Edit: Just got video up on phone, good lift. :thumb:


----------



## Dark sim (May 18, 2013)

That shows you doctors know F' all.

Epic lift mate, extremely well done :thumb:


----------



## FlunkyTurtle (Aug 5, 2013)

tommy92 said:


> A goal of mine the past 10 years training, which I thought was shattered forever 5 months ago after I tore my bicep and the doctor doing my surgeries told me I'd never deadlift again.
> 
> So ****ing happy right now, 315kg in the junior under 90kg class, previous record was 285kg. went 287.5, 305, and 315kg (716.5 pounds)
> 
> www.facebook.com/thomas.gleeson.10/posts/943612375664854?comment_id=943613198998105&offset=0&total_comments=1¬if_t=share_comment


Lad.

We'll done bro


----------



## seandog69 (Mar 8, 2013)

tommy92 said:


> A goal of mine the past 10 years training, which I thought was shattered forever 5 months ago after I tore my bicep and the doctor doing my surgeries told me I'd never deadlift again.
> 
> So ****ing happy right now, 315kg in the junior under 90kg class, previous record was 285kg. went 287.5, 305, and 315kg (716.5 pounds)
> 
> www.facebook.com/thomas.gleeson.10/posts/943612375664854?comment_id=943613198998105&offset=0&total_comments=1¬if_t=share_comment


congrats bud, although am i the only one disappointed at the lack of blood this time? 

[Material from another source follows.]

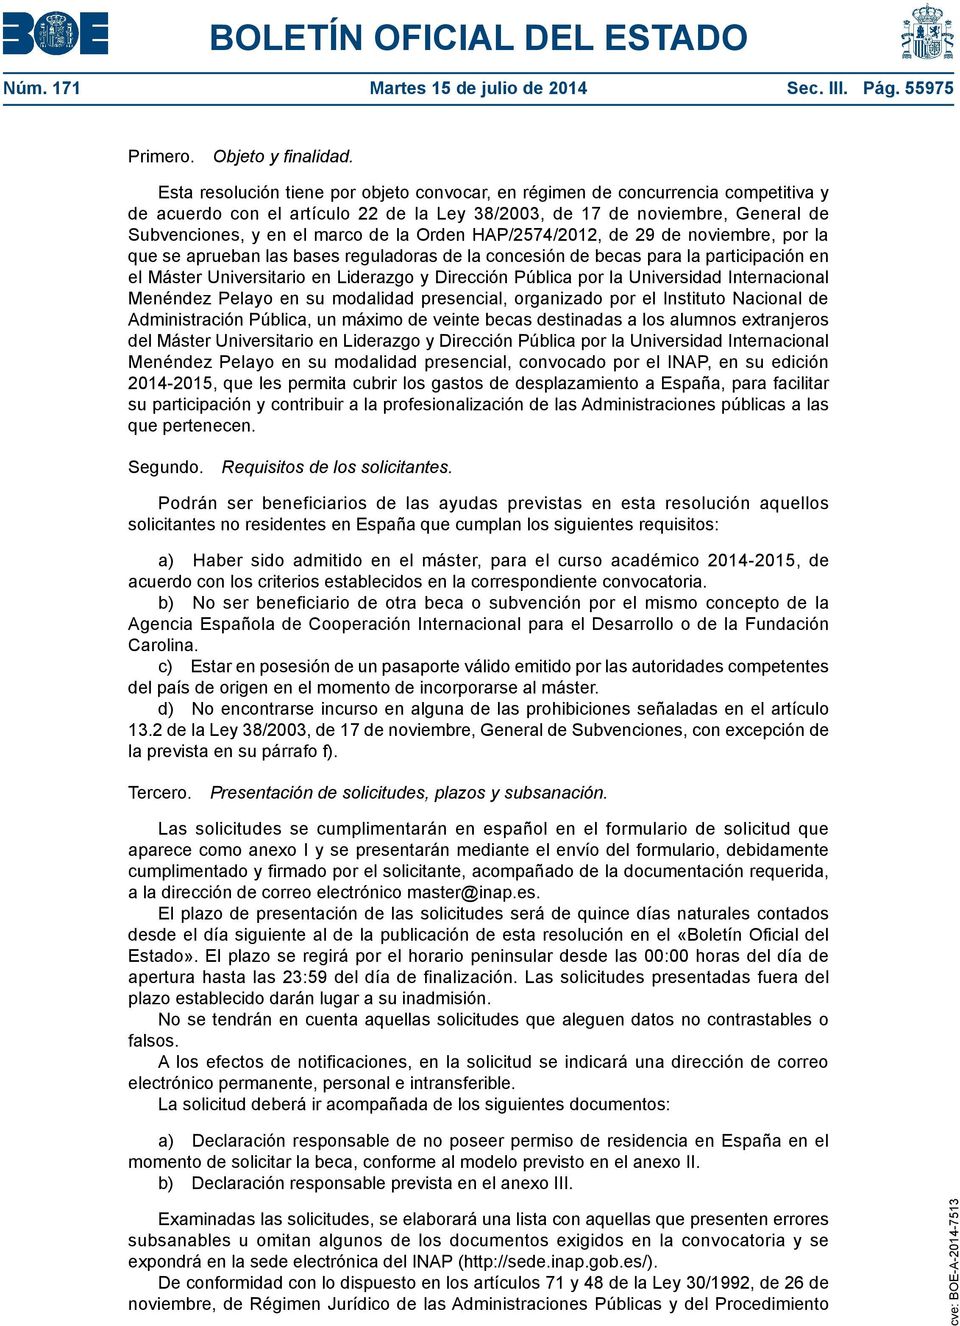 Orden HAP/2574/2012, de 29 de noviembre, por la que se aprueban las bases reguladoras de la concesión de becas para la participación en el Máster Universitario en Liderazgo y Dirección Pública por la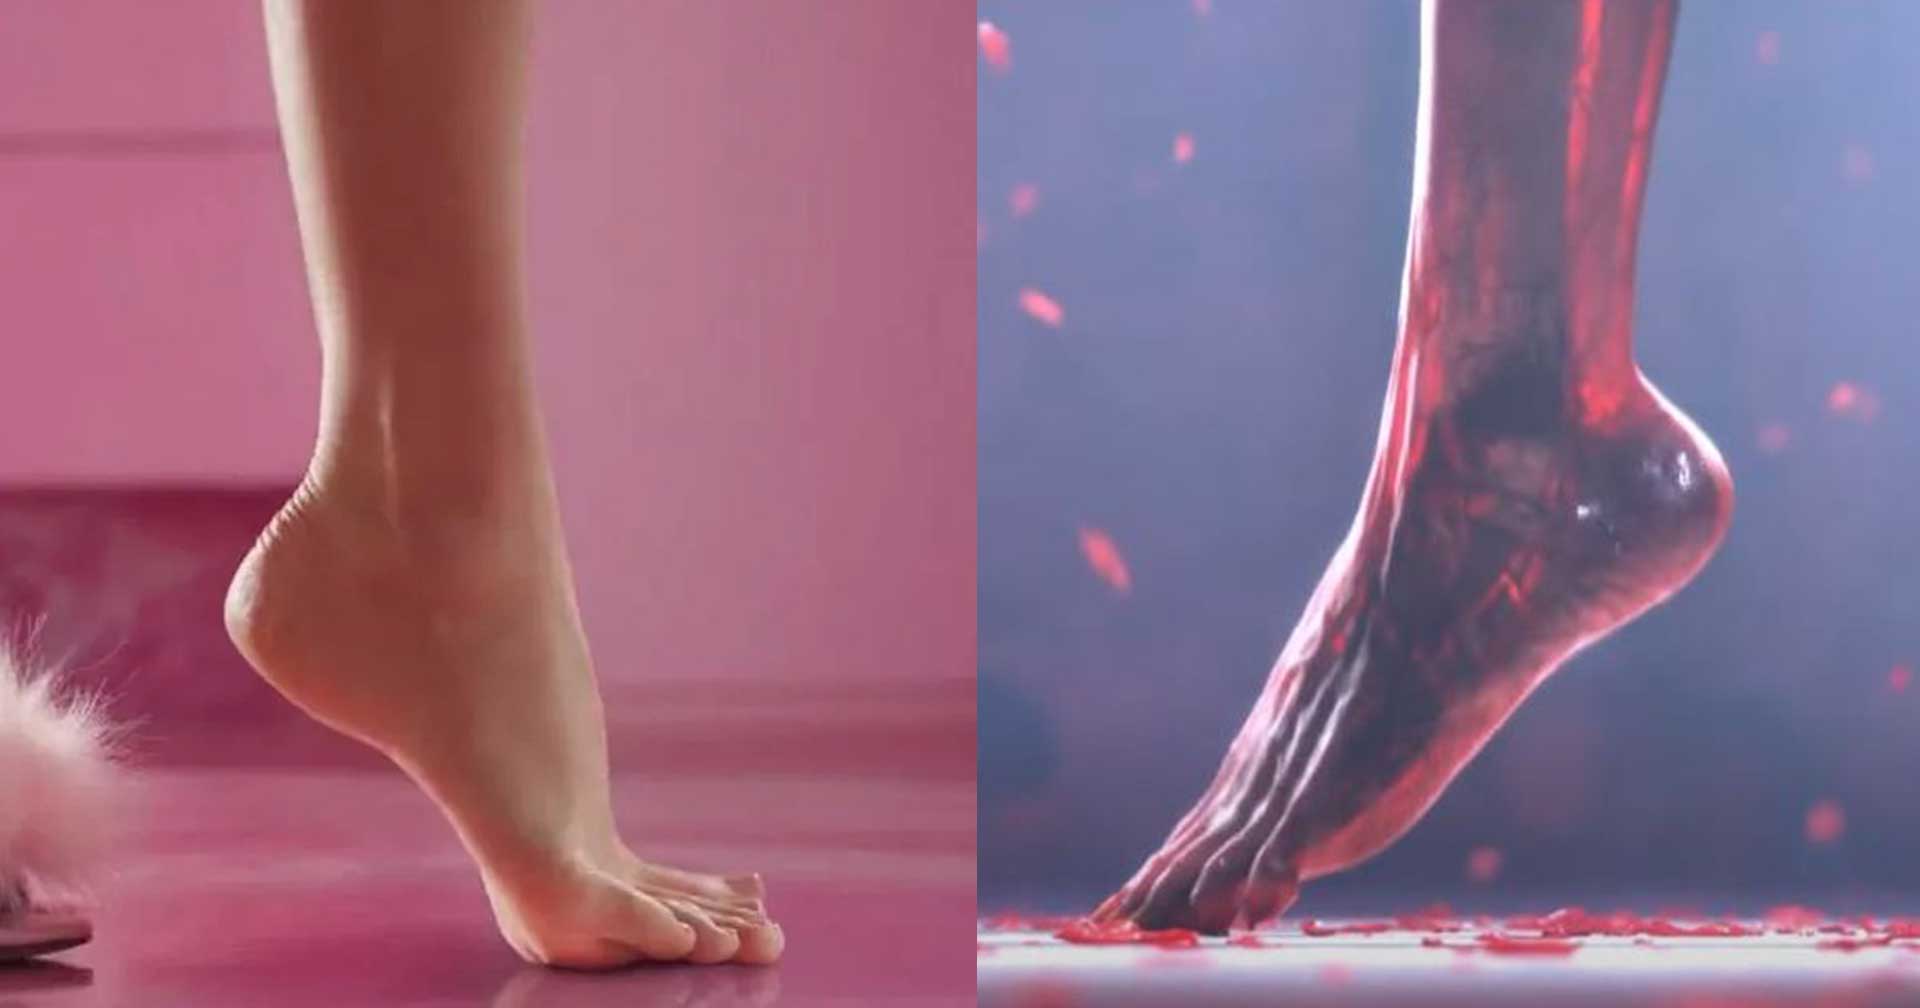 โปรดิวเซอร์ Diablo 4 เผย อยากเอาเกมมาคอลแลบกับ Barbie เพราะ ‘เท้าตัวละครงาม’

well done sir, made it look easy IMO


----------



## Muckshifter (Apr 5, 2014)

Great lift buddy, looking solid too just out of curiosity what height are you


----------



## tommy92 (May 4, 2013)

Im 5'10. thanks guys!! It was the british powerlifting finals so met a lot of guys on this board actually I was the only irish lifter, for the first time ever. I met Chris Jenkins who was an absolute gent. Jack chambers too and curtis arnold I think are on this board, dead sound lads and fantastic lifters. also delroy mcqueen pulled a deadift world record in the 110kg class, 370kg/816 pounds at 108kg was ****ing unbelievable


----------



## tommy92 (May 4, 2013)

yeah I will be lifting GPC only so will be going to the UK a lot now, so add me on fb lads if you're a lifter its good to make friends at these comps! Not doing the IPO(irish powerlifting organisation) comps, they wont allow me to join. haha not going to say another word about that


----------



## vjoe (Apr 9, 2012)

Well done!!


----------



## Info Junkie (Nov 22, 2013)

tommy92 said:


> yeah I will be lifting GPC only so will be going to the UK a lot now, so add me on fb lads if you're a lifter its good to make friends at these comps! Not doing the IPO(irish powerlifting organisation) comps, they wont allow me to join. haha not going to say another word about that


Great lift man unbelievable ,

Why won't they let you lift ?


----------



## gearchange (Mar 19, 2010)

Epic lift mate :thumb:


----------



## tommy92 (May 4, 2013)

Info Junkie said:


> Great lift man unbelievable ,
> 
> Why won't they let you lift ?


no idea, asked them but got no reply. then got lads from the organisation threatening me. basically just the kind of stereotypical "haters" (I hate that term) but yeah, sticking to GPC the competition I was at was run brilliantly and the people running it and the GPC officials and refs were absolute gents


----------



## tommy92 (May 4, 2013)

gearchange said:


> Epic lift mate :thumb:


thanks again gearchange


----------



## Kristina (Apr 12, 2014)

AAAAAAAAWWWWEEEESSSOOMMEEEE!!!


----------



## gaz90 (Jun 19, 2014)

tommy92 said:


> no idea, asked them but got no reply. then got lads from the organisation threatening me. basically just the kind of stereotypical "haters" (I hate that term) but yeah, sticking to GPC the competition I was at was run brilliantly and the people running it and the GPC officials and refs were absolute gents


thats a ****ing serious deadlift mate.

from what ive seen they stick to their own. me and a mate had **** meet cos of them, ill be sticking to GPC also.


----------



## ConP (Aug 18, 2013)

Raw I assume?

I pulled 333kg at 90kg and 19 in the GPC back in 2006.


----------



## tommy92 (May 4, 2013)

gaz90 said:


> thats a ****ing serious deadlift mate.
> 
> from what ive seen they stick to their own. me and a mate had **** meet cos of them, ill be sticking to GPC also.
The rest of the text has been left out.